What is your fitness goal? How much do you need to lose? Let me know in the comments below.
If you are extremely overweight, you want to focus on LOW IMPACT exercises and avoid high impact exercises such as jumping or running because it can be extremely stressful on your joints and may cause injuries.
This is a really effective total body low impact workout to help you burn fat, increase your metabolism, increase lean muscles and lose weight.
Exercises
1) Tip Toe Squat
2) Low Impact Burpees
3) Sumo Squat & Heel Touch
4) Kneel to Squat
5) Standing Crunches + Kick
6) Knee Pushup and Tap
7) Reverse Crunches
8) Plank
Sequence: 8 Minutes, 8 Intervals (40secs Workout - 20secs Rest)
Repeat 2 sets
Rest for 1 minute between sets
Total Time: 20 minutes
Estimated Calories Burned: 200 - 250Cals
Best Results: Do this workout 3 to 4 times weekly on alternate days.

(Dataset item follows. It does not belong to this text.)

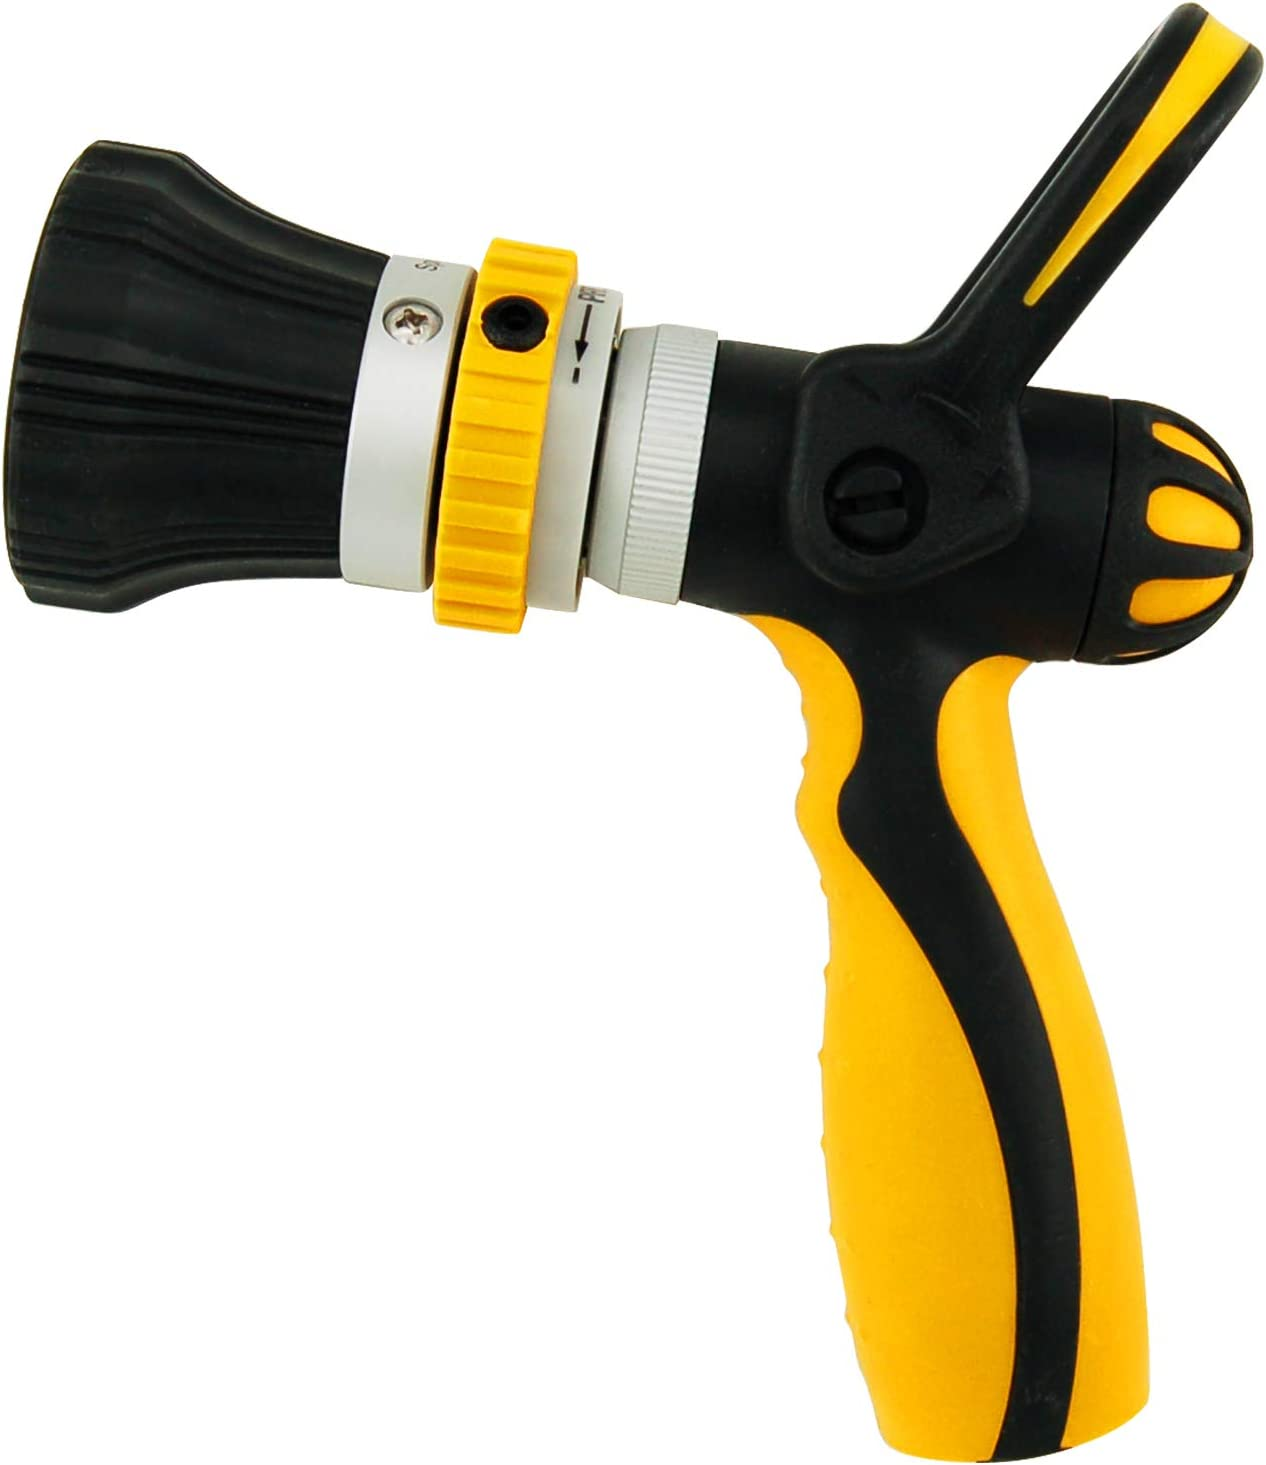 Centurion 996 High Pressure Fireman Nozzle Hose Nozzle, Heavy Duty Water Nozzle with Lever Control Handle

Perform 45 - 60 minutes of low intensity cardio such as speed walking, swimming, cycling or dancing on the other days.
To progress:
- Increase the workout time and reduce the rest time (for instance 50secs workout - 10 secs rest for each exercise)
- Perform 3 - 4 sets and make it a 40-minute workout
- Lift some weights to make it more challenging
*You MUST perform 5 - 10 minutes warm-up before exercising and 5 - 10 minutes stretches after exercising to cool down. This is to avoid injuries, to reduce muscle soreness and speed up your recovery.